The Parks department has stepped up tree inspections in special zones around areas where the beetle has been found, and is asking people to report sightings of the insect or the characteristic pencil-sized holes it bores in upper tree trunks. In April, the department announced a $10 million federal, state, and city effort to battle the beetle, with funding for inspection and the destruction and replacement of infested trees with seedlings.

Anne Sounds Off

A recent article in the Albany Times-Union documented the depressing result of funding cutbacks for park maintenance in a number of upstate cities. Albany, for example, has slightly more than half the park workers it had two decades ago, with predictable deterioration of parks, particularly small ones. When budgets are tight, Schenectady's Mayor said, "the parks are the first to get whacked."

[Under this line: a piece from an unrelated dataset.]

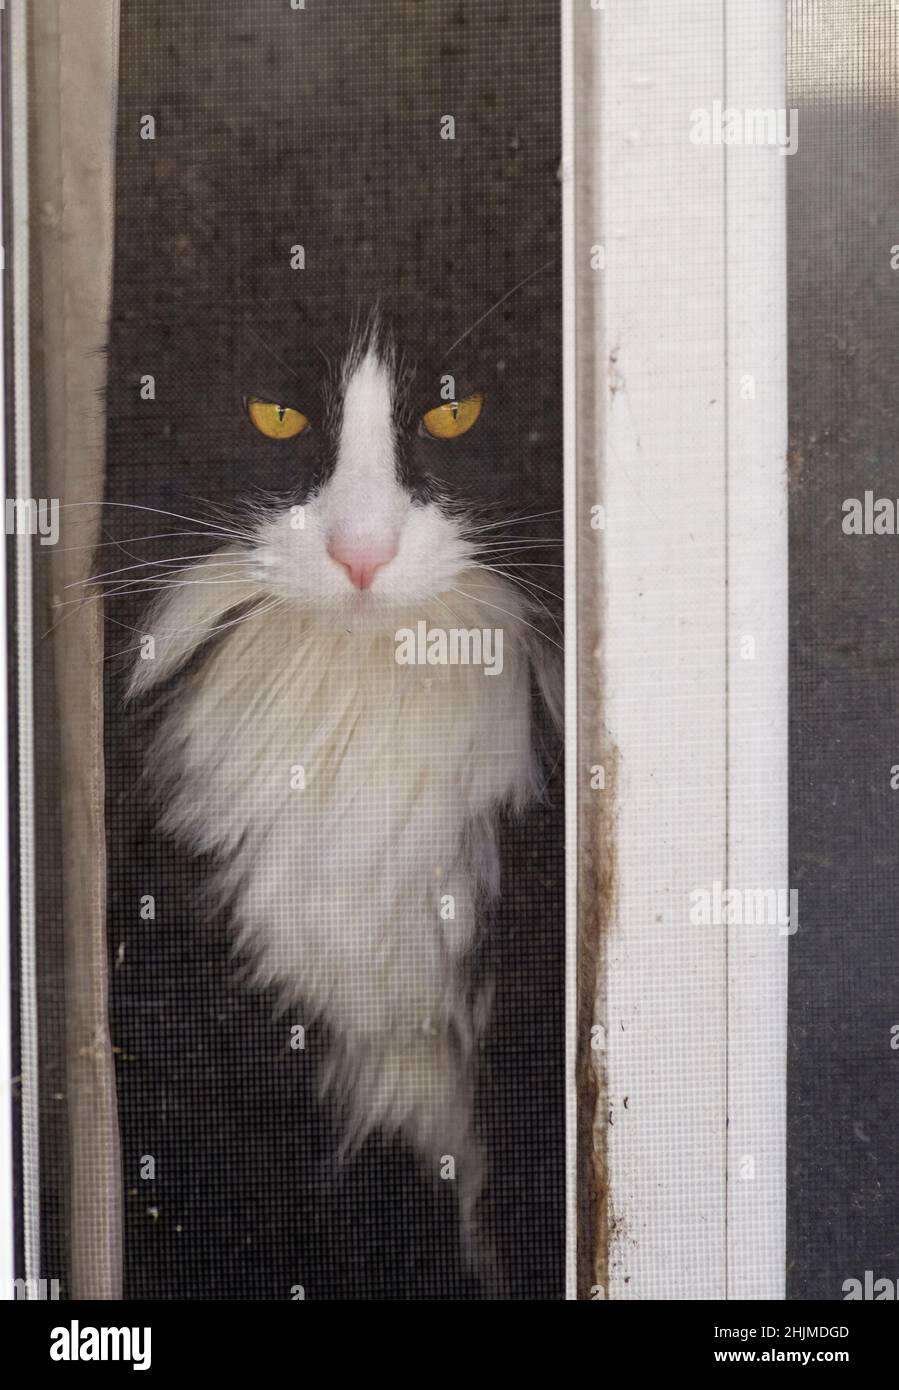 black and white catwith yellow eyes  looking through the screen of an open sliding door Stock Photo

Sound familiar? New York City just approved another budget that continues an inadequate level of spending on park maintenance. Though this year's funding is $3 million higher than last year, the extra money goes to salary increases for existing staff and 31 new seasonal workers, not to increasing much-needed skilled maintenance staff, like gardeners, tree pruners, and plumbers. In fact, the budget includes a hiring freeze that aims to cut 100 fulltime park workers through attrition. The Parks department has been supplementing its maintenance staff with welfare workers, and private fundraising and volunteers are helping to maintain some parks. But many parks, especially in the poorer neighborhoods, are in terrible shape. Less than one-half of one percent of the City budget goes to the Parks department operating budget. It's time for our elected officials to stop thinking of parks as frills and realize that investing in open space and recreation pays off„in higher real estate values, crime reduction, improved air quality, and the kind of city where people and businesses want to locate.